Want to load commonly used packages automatically? Have a suite of random functions you use all the time? No problem. R gives you several options to meet your needs.
First, you can create a custom R profile that loads at startup. This is simply a text file (called .Rprofile) placed in your home directory. Don’t know where your home directory is? Start RStudio, close any open projects, and type getwd()
.
Consider the following (simple) Rprofile:
# Feeling creative? Customize the R interactive prompt
options(prompt = "aRRR> ")
# Change some R defaults
options(stringsAsFactors = FALSE, show.signif.stars = FALSE)

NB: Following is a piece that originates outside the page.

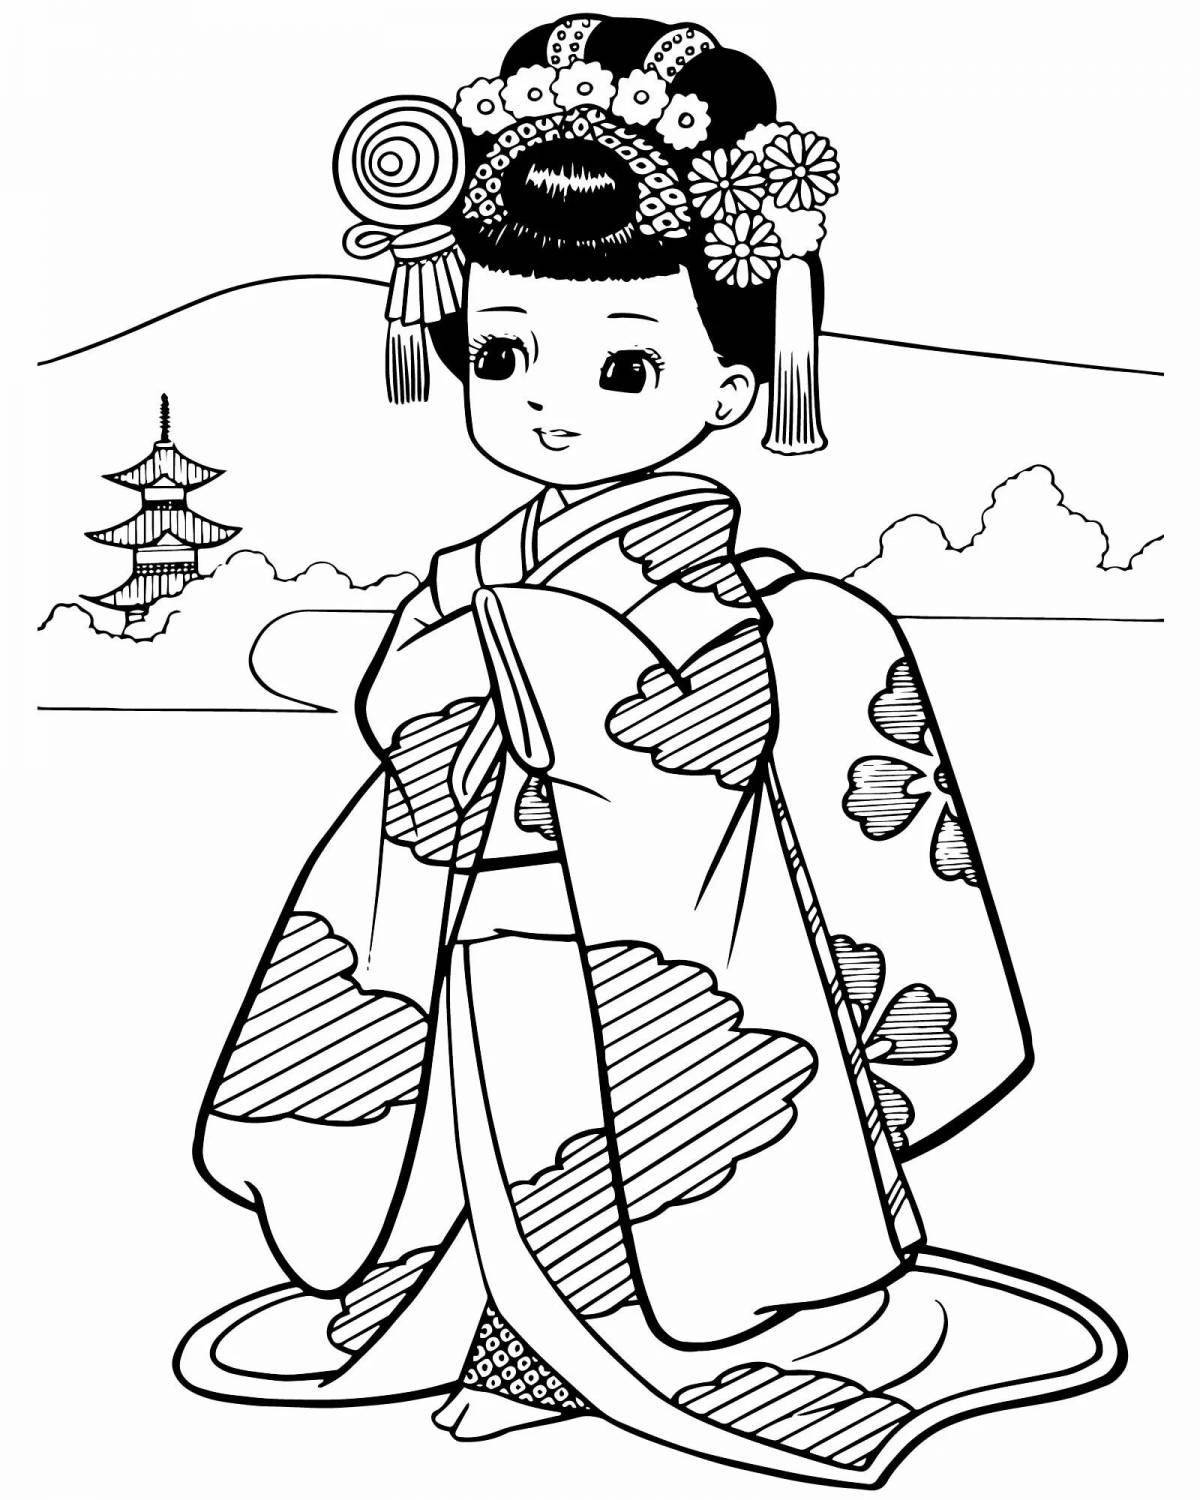 Colorful Chinese girl coloring book

# Create a new invisible environment for functions so as not to clutter your
# workspace.
.env <- new.env()
# Some useful aliases
.env$s <- base::summary
.env$cd <- base::setwd
.env$pwd <- base::getwd
# Some useful functions
## Return names(df) in single column, numbered matrix format.
.env$n <- function(df) matrix(names(df))
## Head and tail; show the first and last 10 items of an object
.env$ht <- function(d) rbind(head(d, 10), tail(d, 10))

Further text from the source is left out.